Over the past year, I spent a good amount of time thinking about operational resilience. I asked myself what does it mean? Why is it so important, especially now?

My colleagues and I define operational resilience as the ability to identify, anticipate, and mitigate risks to help prevent future issues while accelerating responsiveness to ongoing disruptions when they do occur. It is achieved by understanding the different parts of the business and how they interact across teams, workflows, and tools, while driving a culture of intentional learning and adaptation.

Adequately preventing and responding to disruptions has never been more important — or more possible. The growing ubiquity of AI has introduced more automated workstreams and increased productivity, while simultaneously creating a greater need for better data management. As customer expectations increasingly align with always-on services, the ability to prevent and recover from disruptions has direct ties to a business's bottom line.

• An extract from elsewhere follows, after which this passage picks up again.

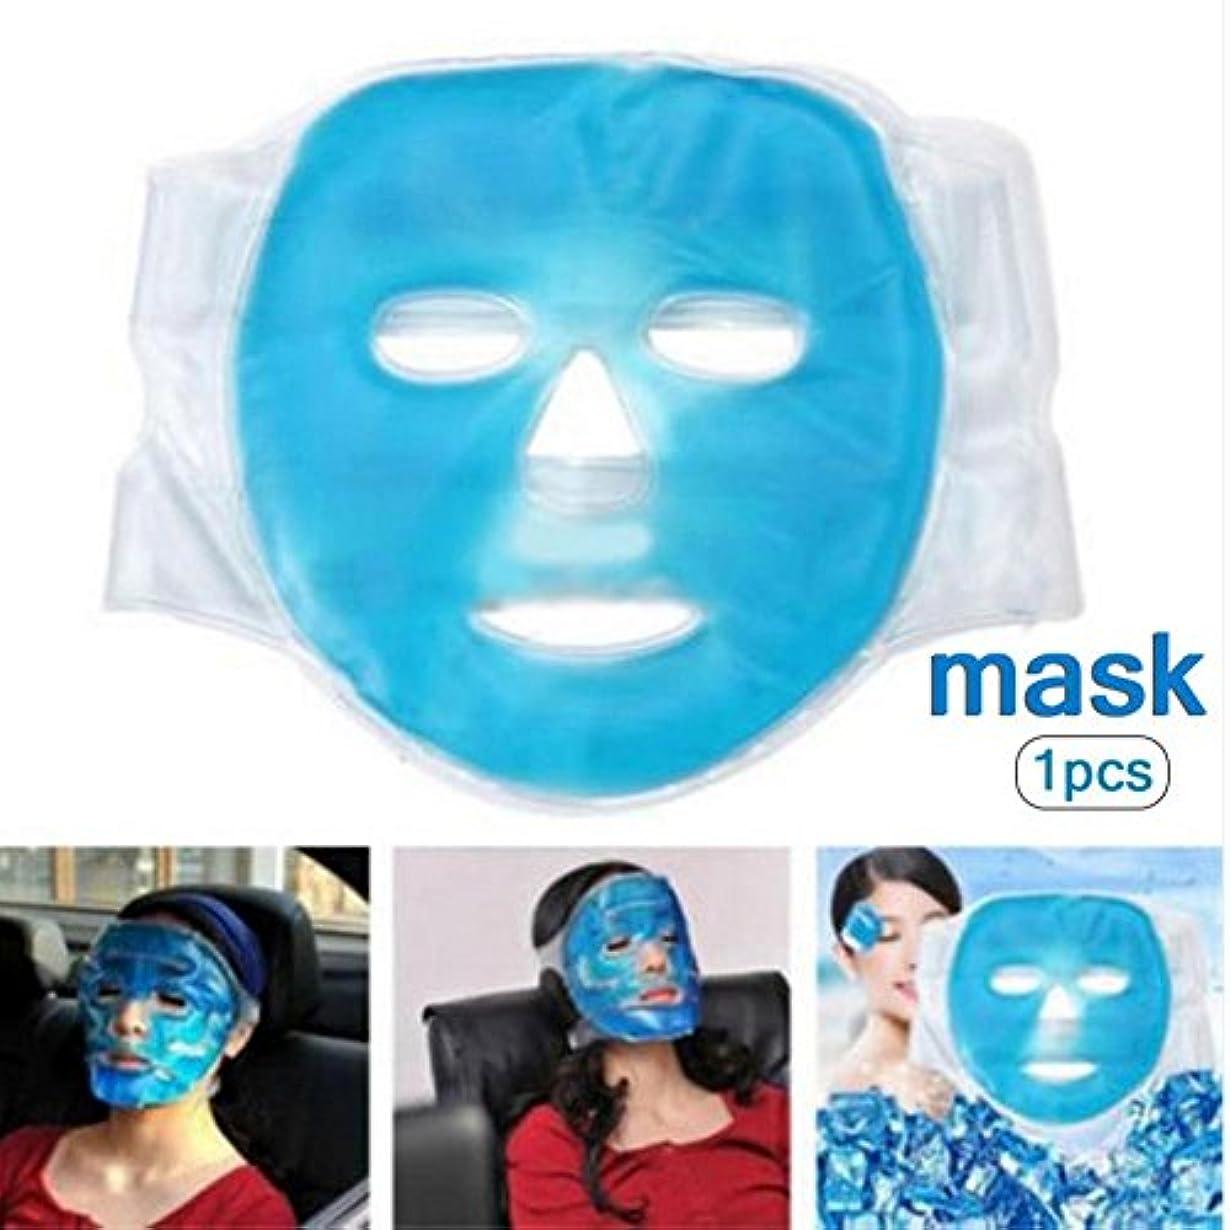 どっちでもバンカーシャツフェイスマスク 冷却マスク 美容マスク 冷温兼用 美容用 再利用可能 理学療法 毛細血管収縮 毛穴収縮 睡眠冷却 疲労緩和 肌ケア 保湿 吸収しやすい コールドパックホットパック 美容マッサージ アイスマスク (ブルー)

Recent data from the SolarWinds IT Trends Report 2025, which surveyed more than 600 IT leaders and professionals, suggests nine in 10 IT teams believe they're resilient. However, a closer inspection of the data indicates a more complex reality. Many organizations still have room to improve their operational reliance and prepare for an AI-driven, data-intensive future.

The Complex Reality of Today's IT Teams

While these organizations consider themselves resilient, survey respondents pointed to a lack of confidence in their ability to handle certain core IT functions. For example, only 26% of IT leaders were confident they could sufficiently handle bring-your-own-device practices. Less than half of IT leaders felt confident they could manage increasing user expectations (36%), support artificial intelligence (38%), and manage remote and distributed workforces (45%). A little more than half, 52%, felt they could sufficiently deal with cyberthreats.

An operationally resilient organization must be able to handle these functions. For example, if employees or third-party contractors are bringing their own devices onto your network, your IT systems will require proper security policies to help ensure those parties aren't introducing malicious content or data into your network. If today's organizations aren't able to adequately implement and support the use of AI, they run the risks of shadow AI use or experiencing competitive disadvantages in their respective markets.  

Speaking of competitive disadvantages, the report also highlighted how sub-par operational resilience can lead to reputational harm. More than one quarter (28%) of IT leaders said service outages can cause brand damage. A hit to public image can have cascading effects, causing consumers to take their business elsewhere and leading to both short-term and long-term revenue loss.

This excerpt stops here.